The Diocese of Dunkeld was one of the 13 historical dioceses of Scotland preceding the abolition of Episcopacy in 1689.

==History==
It is thought that the diocese was constituted as far back as the middle of the ninth century. There was a monastery there by 849, when the relics of St. Columba were brought here from Iona. The first occupant was styled Bishop of Fortriu, the name by which the kingdom of the northern Picts was then known. This bishop was also styled Abbot of Dunkeld, perhaps holding jurisdiction, formerly enjoyed by Iona, over the other Columban monasteries in Scotland.
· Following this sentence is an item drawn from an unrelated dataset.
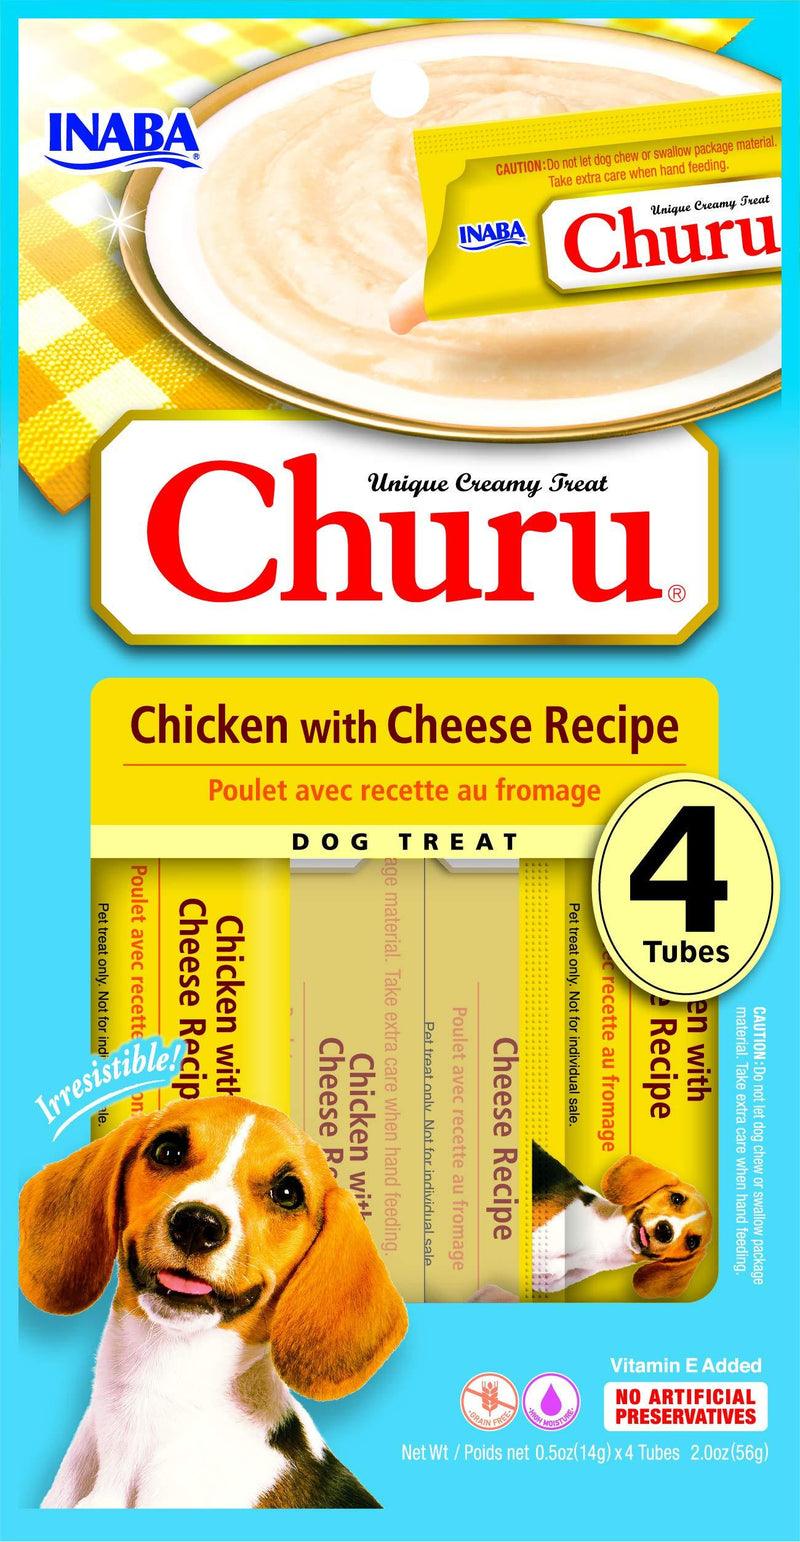 [Australia] - Churu Lickable Treat for Dogs - Chicken with Cheese Recipe 32 Tubes (8 Packs of 4 Tubes)

The new bishopric appears to have included a great part of what afterwards became the Diocese of Argyll, and retained its jurisdiction over various churches representing old Columban foundations. There were thirty-five bishops of Dunkeld from its foundation until the suppression of the Catholic hierarchy during the Protestant Reformation in the sixteenth century.

The Catholic cathedral, situated in the Perthshire town of Dunkeld, was erected between 1220 and 1500; after the Reformation the cathedral fell partly into ruins, although the choir is used for Presbyterian worship.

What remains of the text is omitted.